The role of the infectious disease physician in abdominal wall repair using prosthetic material after clean-contaminated surgery

Daniel Ion 1,, Răzvan Vasile Stoian 1, Simona Elena Albu 1, Alexandra Bolocan 1, Dan Nicolae Păduraru 1
PMCID: PMC4240725

Background

Use of antibiotic prophylaxis when prosthetic implants are present at the abdominal wall was a controversial decision. It is a delicate matter since parietal prosthetics frequently associate surgical visceral interventions (cholecystectomy, appendectomy, enterectomy/enterorrhaphy, and colectomy).

Methods

This study was carried out in the Surgery and Emergency Clinic III of the University Emergency Hospital Bucharest. It is based on a 5 year experience (2010-2014), retrospective evaluation on 224 incision hernias resolved with prosthetic material, of which 216 in a clean environment and 28 in a clean-contaminated environment.
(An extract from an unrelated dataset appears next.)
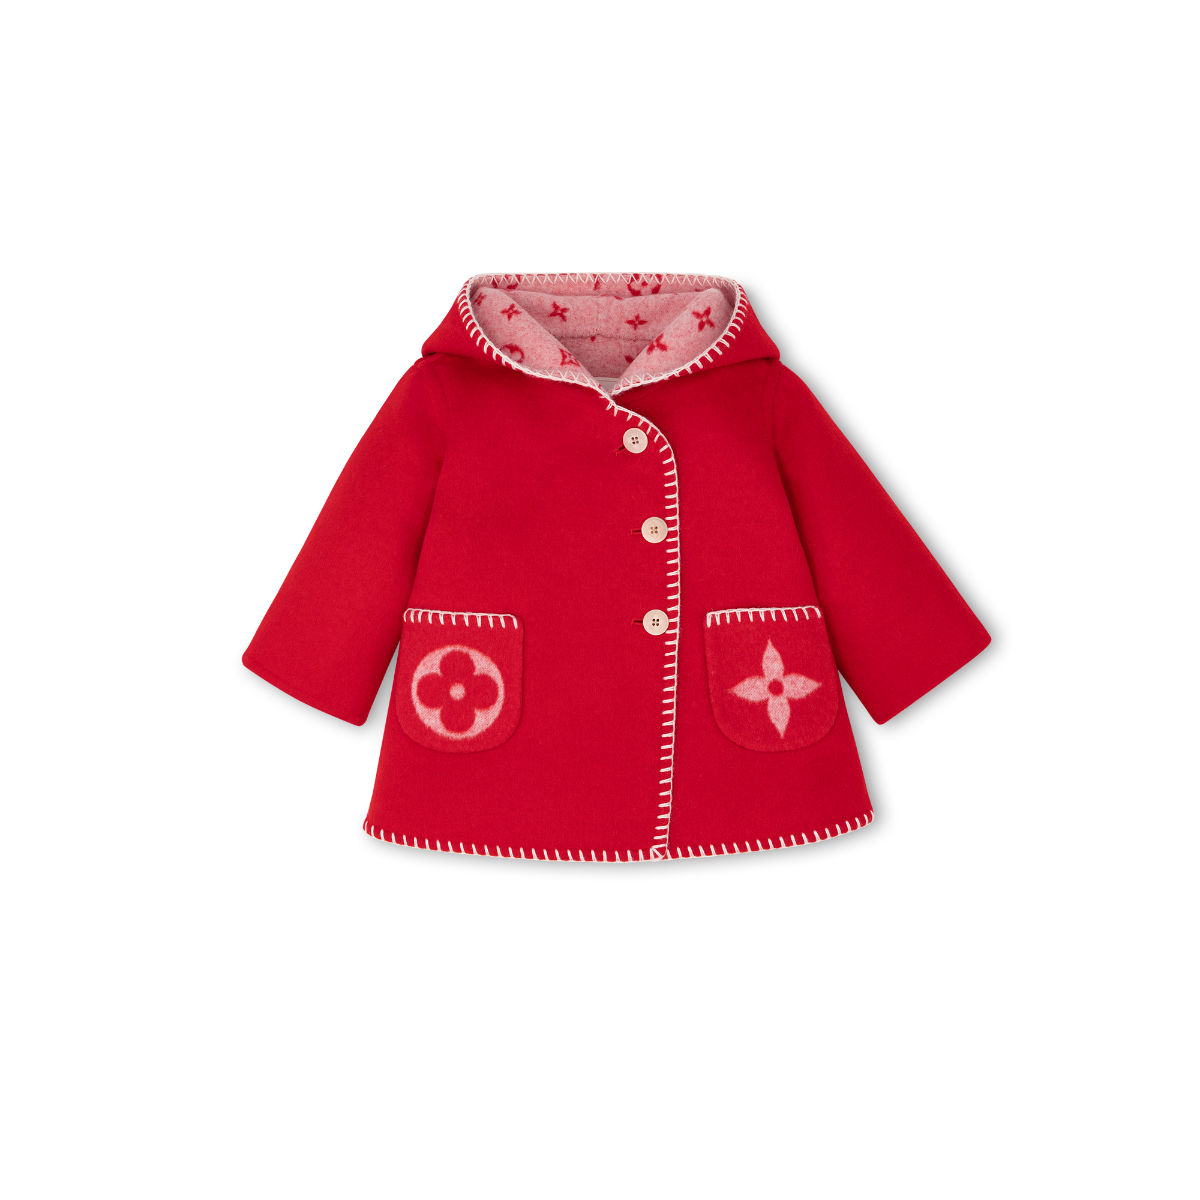 Louis Vuitton Introduces Its New Baby Winter Capsule Collection
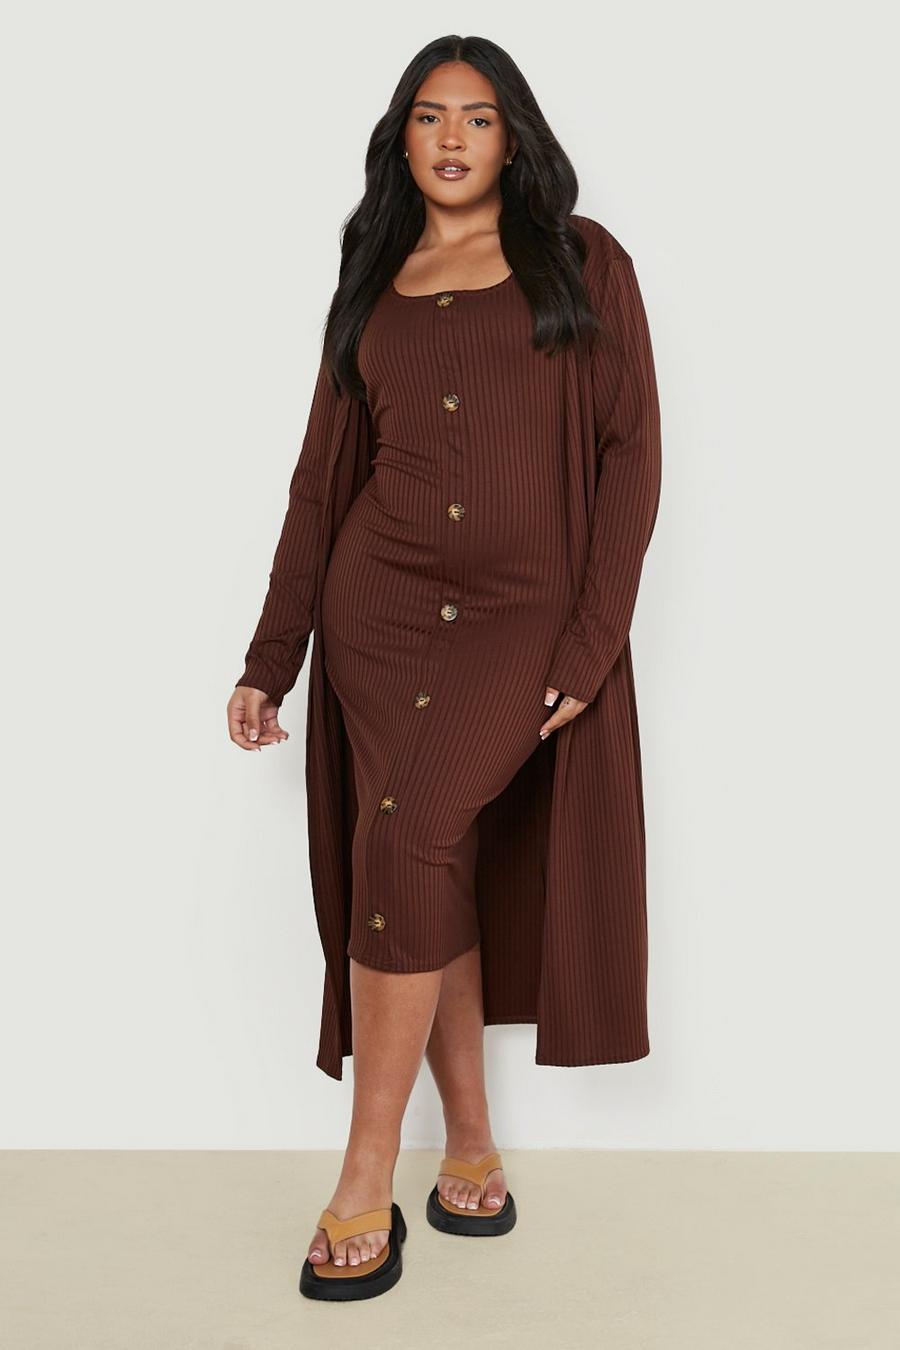 Chocolate brun Plus Horn Button Midi Dress And Duster Co-ord

For all the cases the antibiotic prophylaxis management was decided by a mixed team: general surgeon and infectious disease physician.

Results

Results plead for the rational and selective use of antibiotics for the patients that require prosthetic material and draw attention to the extremely favorable results of the collaboration between different specialty physicians.

Conclusion

Even though the initial dogma was that all alloplastic grafts need “protection” provided by the antibiotics, recent approaches tend to be more selective and permissive.